[SUPPLIED DATA — start]
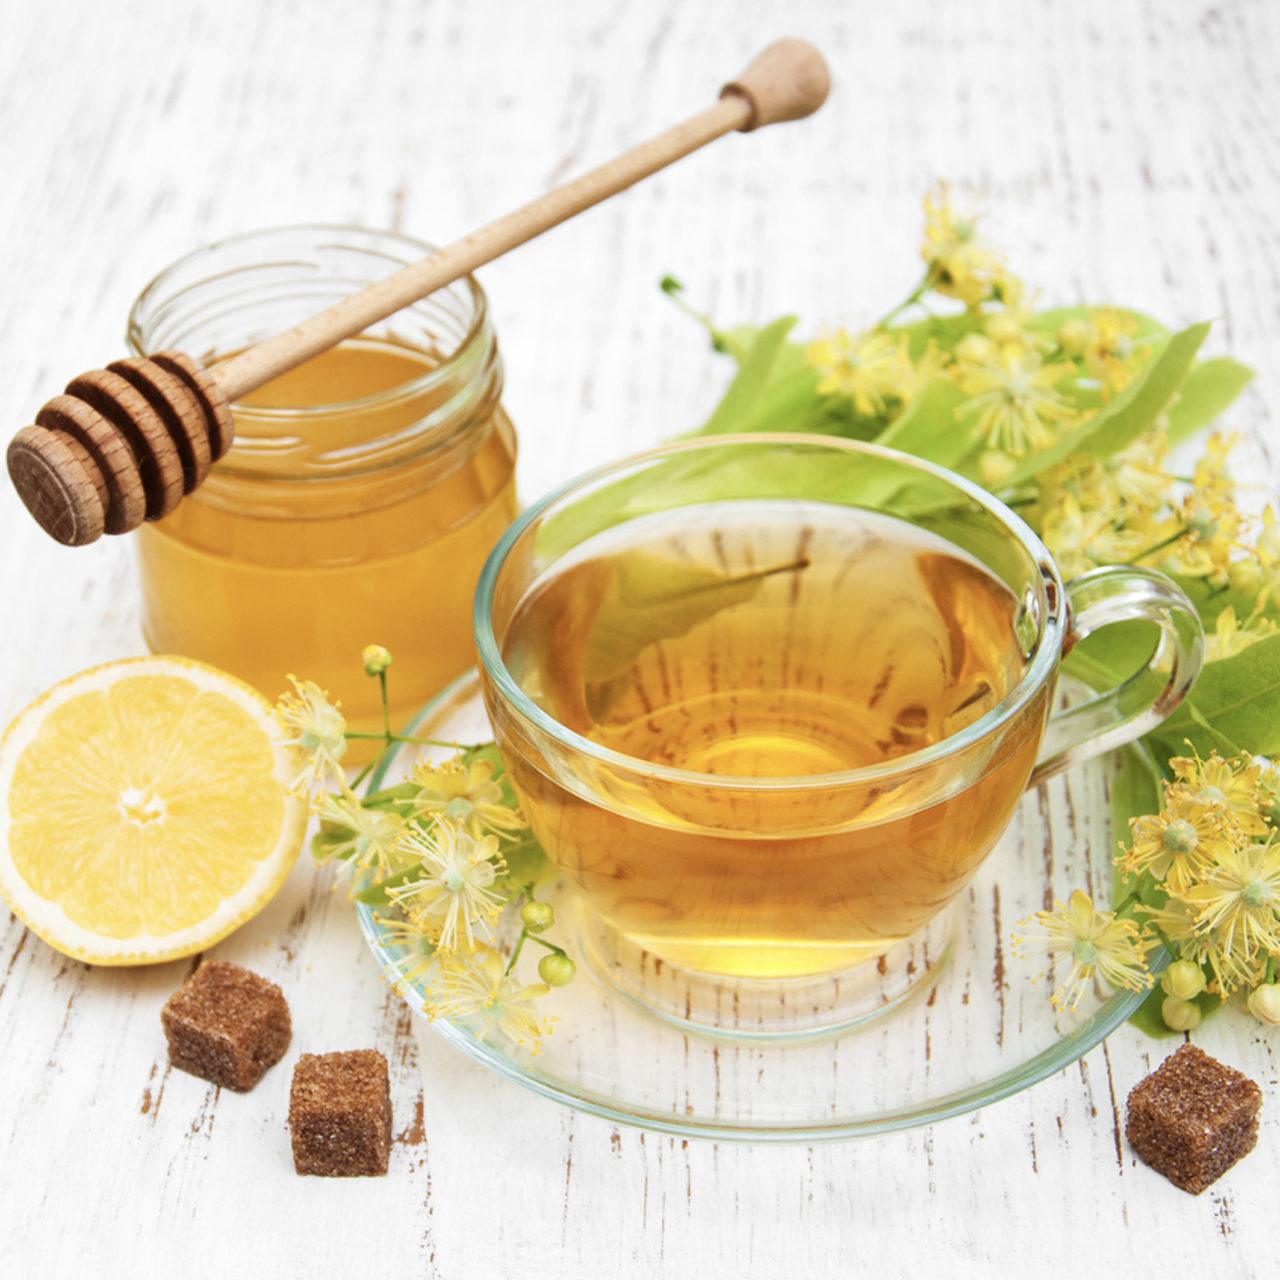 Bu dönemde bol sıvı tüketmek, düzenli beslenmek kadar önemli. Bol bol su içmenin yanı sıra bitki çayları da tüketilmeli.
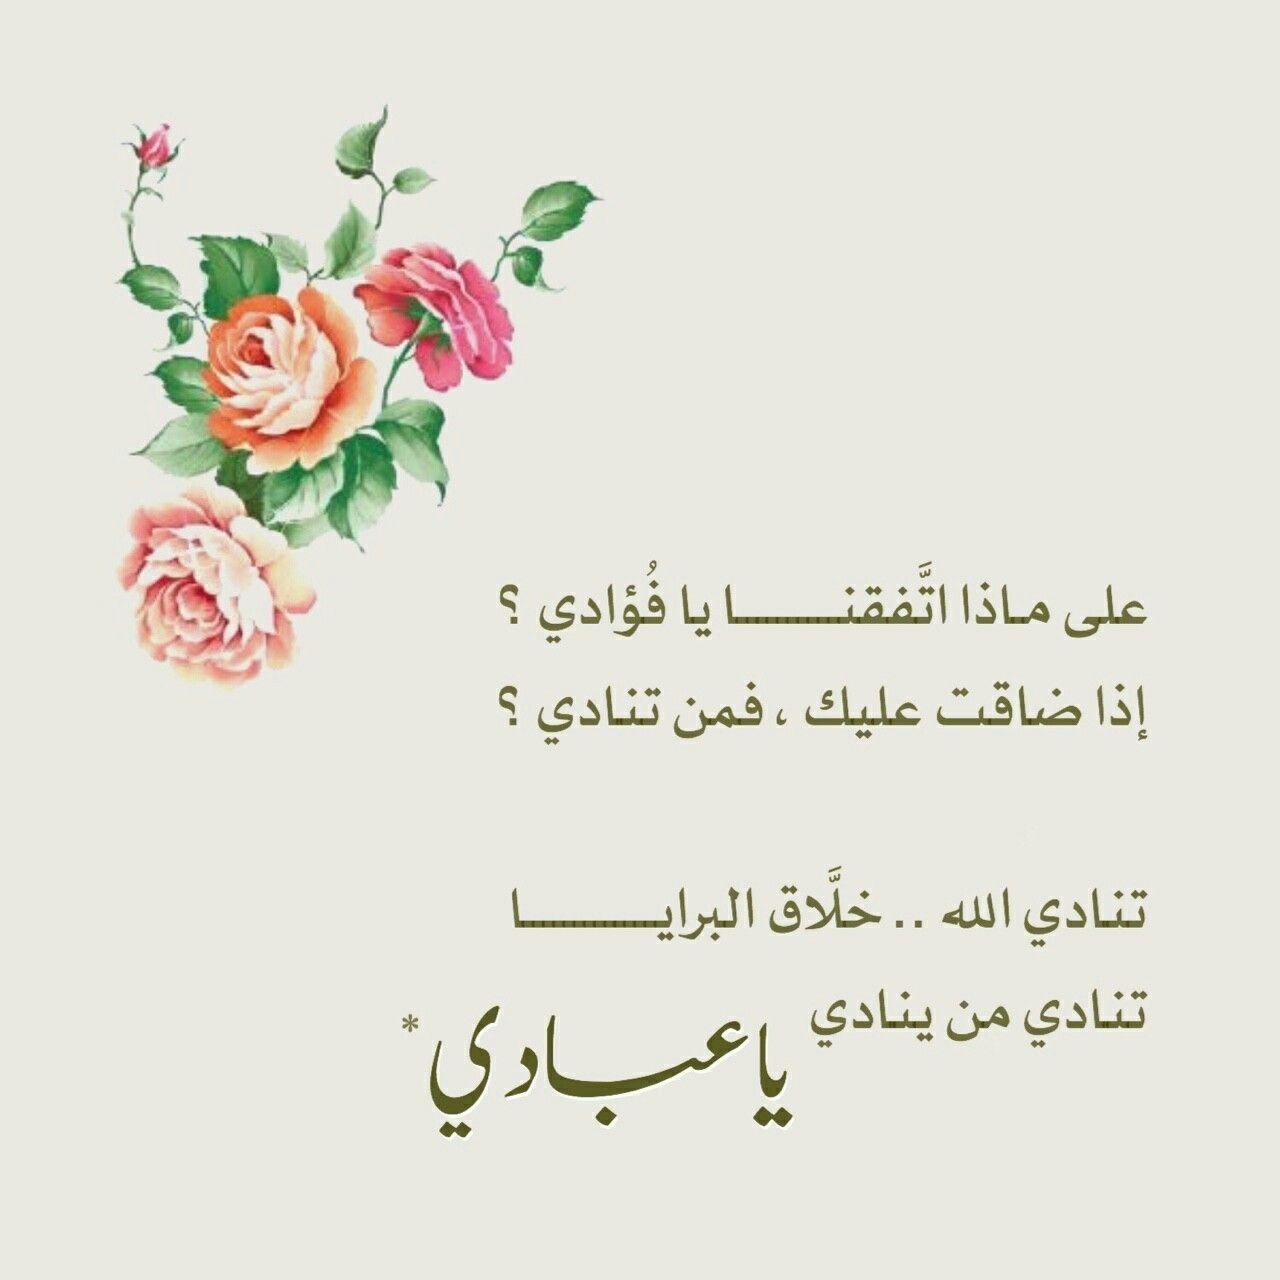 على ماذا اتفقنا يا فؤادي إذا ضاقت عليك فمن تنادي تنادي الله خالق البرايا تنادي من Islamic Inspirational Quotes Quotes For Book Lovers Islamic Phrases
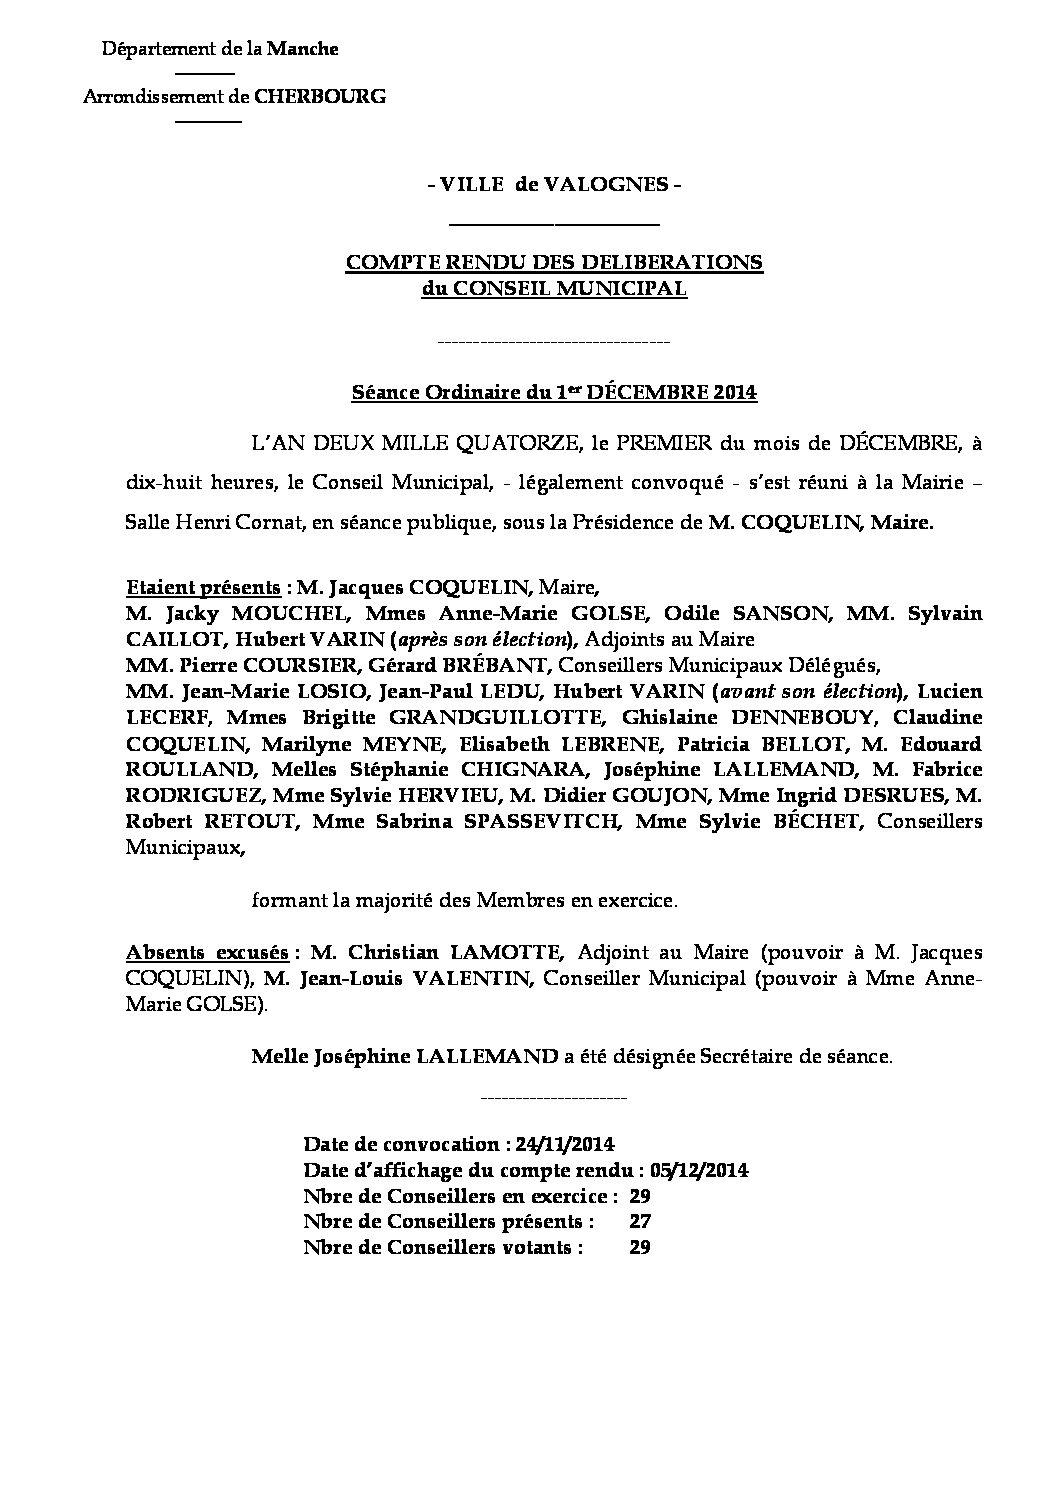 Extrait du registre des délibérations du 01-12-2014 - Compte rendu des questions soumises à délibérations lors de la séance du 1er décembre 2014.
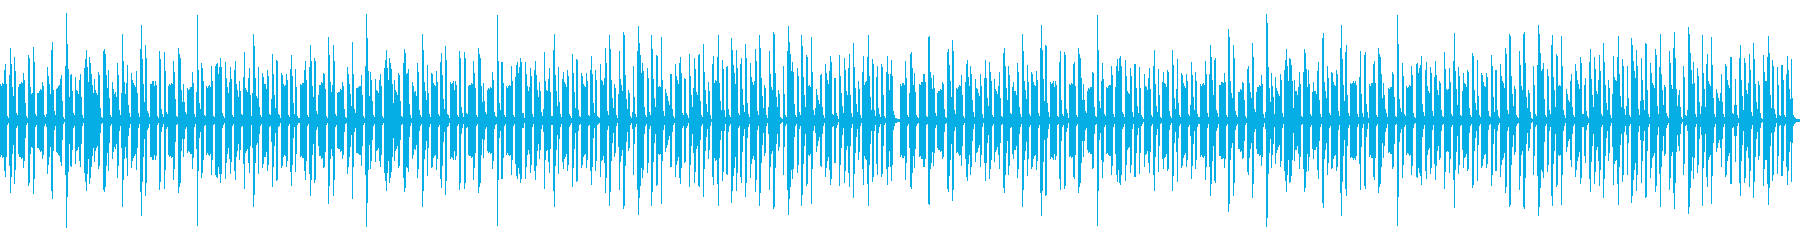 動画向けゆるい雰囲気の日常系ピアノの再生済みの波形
[SUPPLIED DATA — finish]
* [EXERCISE DESCRIPTION] Give again, word for word, the lines above from the one with "Extrait du registre" through the final line of the data, both ends included. Do not copy any picture.

* [SOLUTION]
 Extrait du registre des délibérations du 01-12-2014 - Compte rendu des questions soumises à délibérations lors de la séance du 1er décembre 2014.
 動画向けゆるい雰囲気の日常系ピアノの再生済みの波形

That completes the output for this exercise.